Toshiba Develops World's First 260,000-Color Polymer Organic Light Emitting Display

30 May, 2001


Company to reinforce display product line up

Tokyo--Toshiba Corporation today announced that it has developed the world's first prototype of a full-color polymer organic light emitting display (OLED), a 2.85-inch display supporting 260,000 colors in Q-CIF format and a 64-level (6-bit) gray scale. The breakthrough display was achieved by development of technology for forming a light-emitting polymer film on a low temperature polysilicon thin film transistor (TFT) array. The company expect to commercialize OLED in April 2002.

An OLED displays data via an organic light-emitting diode in the pixels formed on a TFT array. The display itself emits light and has no need of the backlight required by LCDs, opening the way to thinner, lighter display panels that consume less power. OLEDs also offer the faster response time required for motion pictures and support a wider viewing angle.

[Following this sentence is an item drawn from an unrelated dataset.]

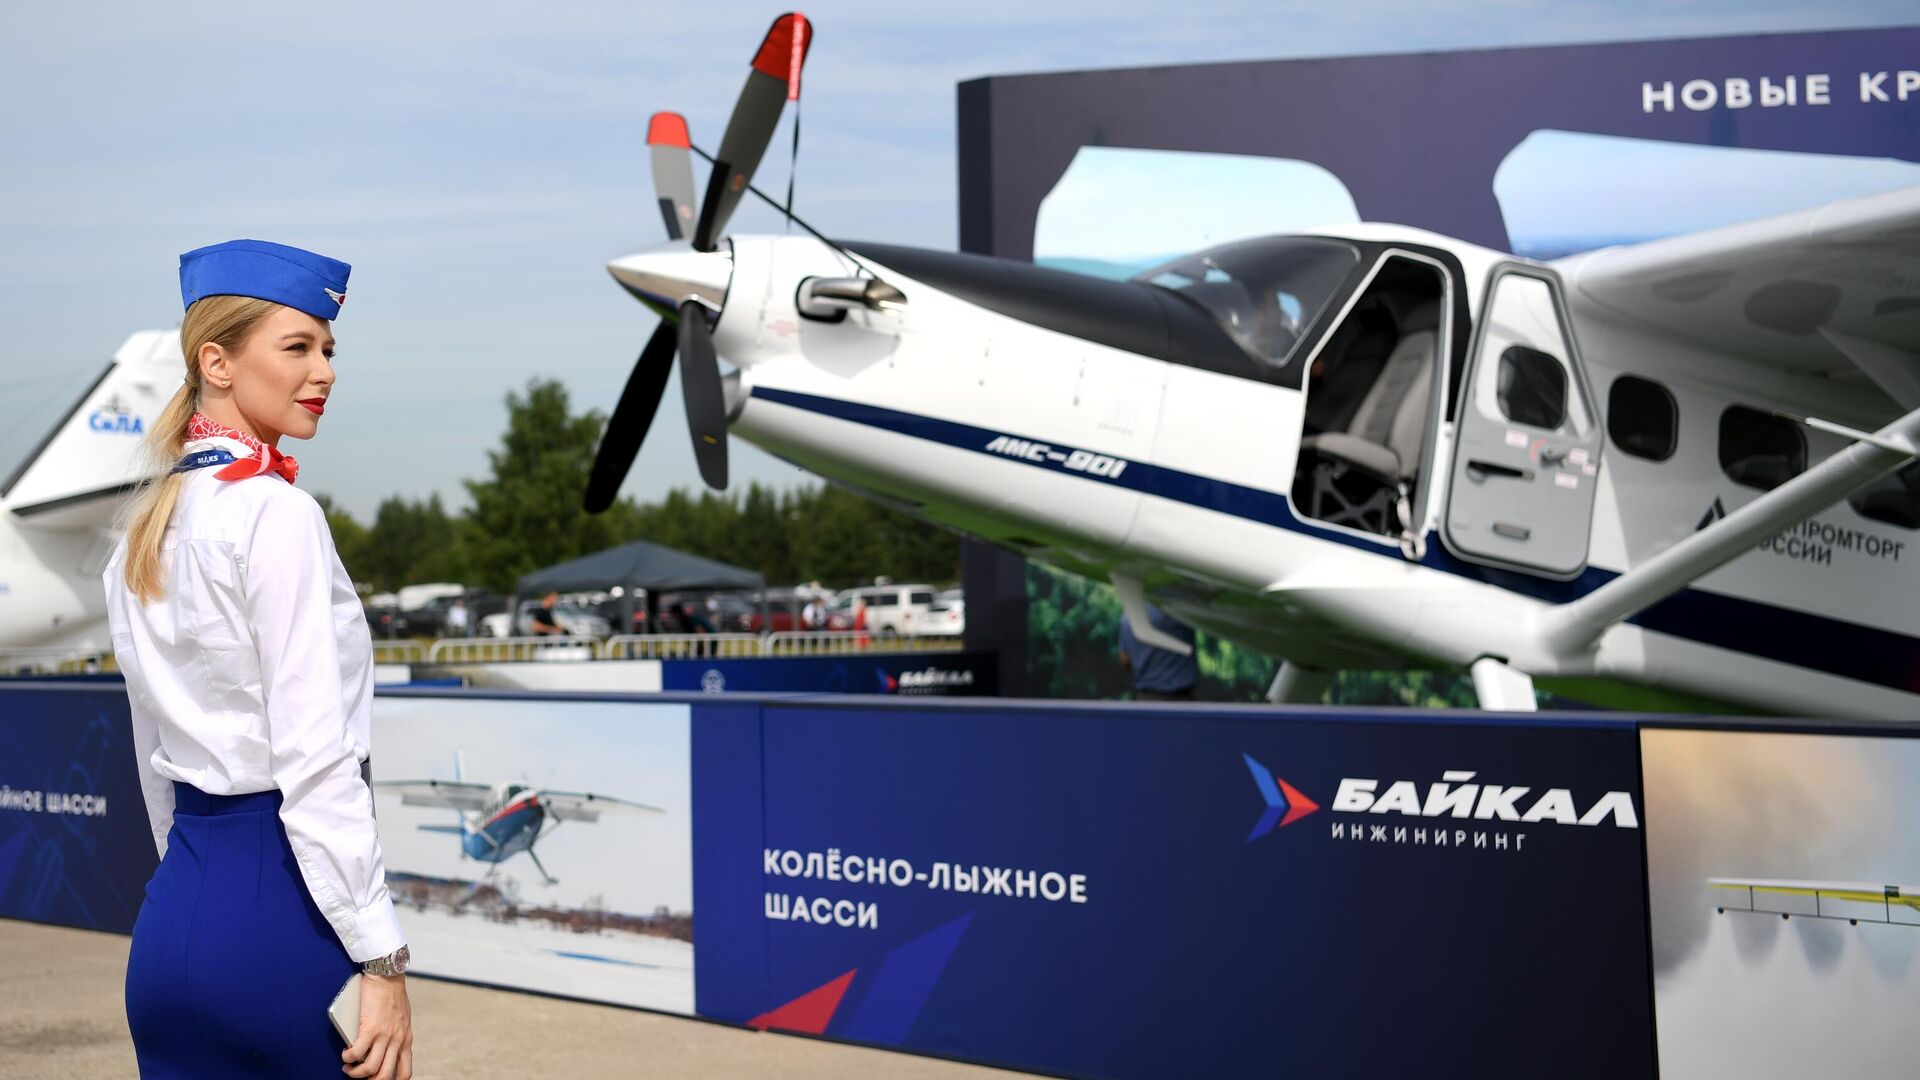 Российский многоцелевой самолет "Байкал" совершил первый полет

Toshiba developed its prototype display by combining a breakthrough in the OLED manufacturing process with technologies it developed in pioneering low-temperature polysilicon TFT LCDs.

All OLEDs commercialized to date are mono-color or area-color, and use small molecules in the light-emitting organic film rather than polymers. They require vacuum-evaporation technology in the production process, which is unsuitable for the fabrication of large-sized, high-resolution displays on a large mother glass substrate, as required in the TFT production process. Toshiba has overcome these limitations with the development of new ink-jet printing and solvent-material technologies for depositing a polymer film. Both advances can be applied to the achievement of high resolution displays and efficient mass production without any need for a vacuum environment.

Like LCDs, OLEDs fall into two broad categories, passive-matrix and active-matrix displays. A large-sized, full color OLED requires an active matrix driver in respect of panel lifetime, power consumption and picture quality. The high level of carrier mobility required for driving OLED in the active matrix TFTs can be realized only by polysilicon, not by amorphous silicon. Toshiba established such technology in the process of becoming the world's first manufacturer of low temperature polysilicon TFT LCDs, and has transferred it to the OLED.

Toshiba expects to start production of OLEDs in fiscal 2002. Production will initially target cellular phones and small- and medium-sized PDAs, and then medium- and large-sized displays, including high-end portable PCs that requires higher resolution and a gradation surpassing a 64-gray scale.

Toshiba's OLED will be exhibited at the Society for Information Display (SID) 2001 at San Jose, California, from June 5 to 7, 2001.